Rauel straightened a little. "Thanks for making sure it didn't disappear."

"I figured if anyone could sweet-talk a storm and walk away, it'd be you."

Kaelen glanced at Elias, and he caught the faintest edge of a smirk tug at her mouth.

Harlan glanced between the three of them. "You ready?"

Rauel downed the last of his mug like it might help, then stood with a groan. "Not even close. Let's go."

Harlan turned without ceremony and headed for the door.

Rauel paused, grabbing his coat. "He's been this helpful exactly three times. I keep track."

The streets thinned as they headed east, weaving through alleys that sloped gently toward the river. The buildings here were older—stone stacked without much pattern, moss in the cracks, laundry lines stretched between windows like banners of routine survival.

Rauel and Harlan walked ahead, shoulder to shoulder, trading old stories with the rhythm of men who'd had more late nights than they could remember and weren't trying to impress anyone.

"—and then she says, 'You'd better pay for that table,' like I broke it on purpose."

"You did."

"I fell through it. That's not the same as breaking."

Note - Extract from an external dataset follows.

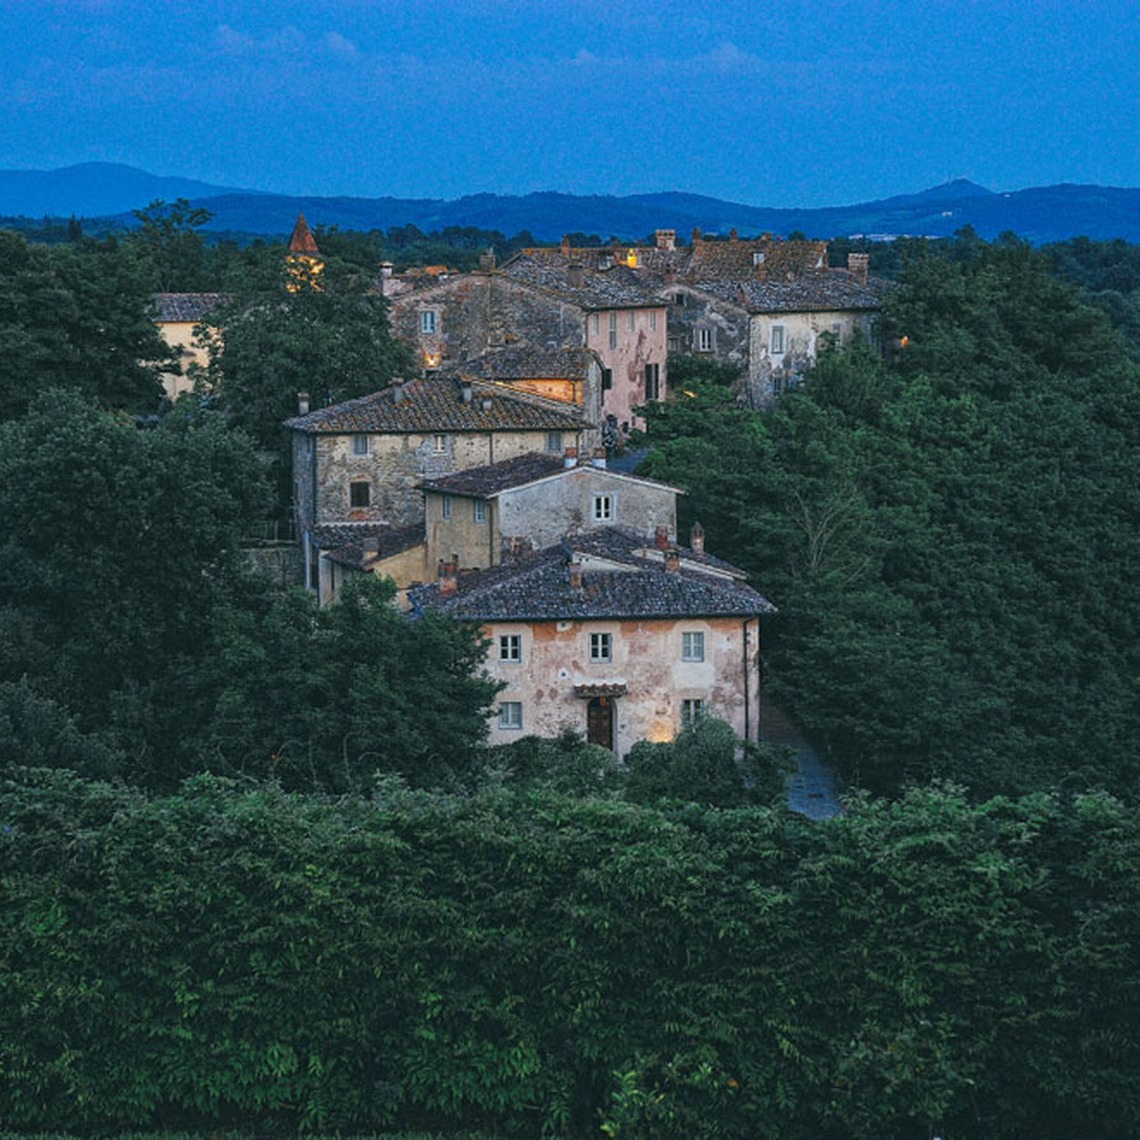 Fotografia, Borro, Ferragamo, Servizio fotografico, fotografo, Arezzo, Firenze, Toscana

Kaelen walked beside Elias, quiet but attentive, eyes darting to whatever new part of the city unfolded in front of them. She didn't interrupt. Neither did he.

They didn't need to.

Every now and then, Rauel would gesture to a crooked building or a graffiti-covered wall, tossing in a half-story about someone who'd lived there or fought there or vanished there. Elias listened. Not just to the words, but to the way Rauel carried them—like he knew the weight of every syllable but didn't mind hauling it around.

The river came into view just past a row of half-sunken posts that might've once marked a dock. It ran along the city's edge, wide and fast, its banks cluttered with storage sheds and rope-strung walkways.

The checkpoint was up ahead—nothing more than a watchhouse and a few armed workers with ledgers and carts.

Then the shouting started.

Elias stopped walking. So did Kaelen.

Across the slope near the river, a carriage was under siege.

Four masked figures darted in and out of cover—fast, precise, and practiced. One sent bursts of compressed air to scatter the checkpoint guards. Another raised jagged slabs of stone from the riverbank, slamming them into the road to block escape. Sparks lit the air as a third climbed onto the carriage, trying to tear the rear doors open.

Guards retaliated in bursts—streams of water hammering down across the attackers' path, fire curling along the stone barricades to keep them pinned. One guard barked orders while the others held formation.

Rauel's jaw tightened. "They're organized."

Beside him, Harlan was already moving—hand on the grip of his weapon, expression locked into something cold and focused.

Then one of the bandits broke from cover and hurled a crackling arc of lightning across the clearing—fast, wild, and wide.

It missed the guards.

And came straight for Elias.

He didn't move.

There wasn't time.

Kaelen shouted his name—

And the lightning closed the distance.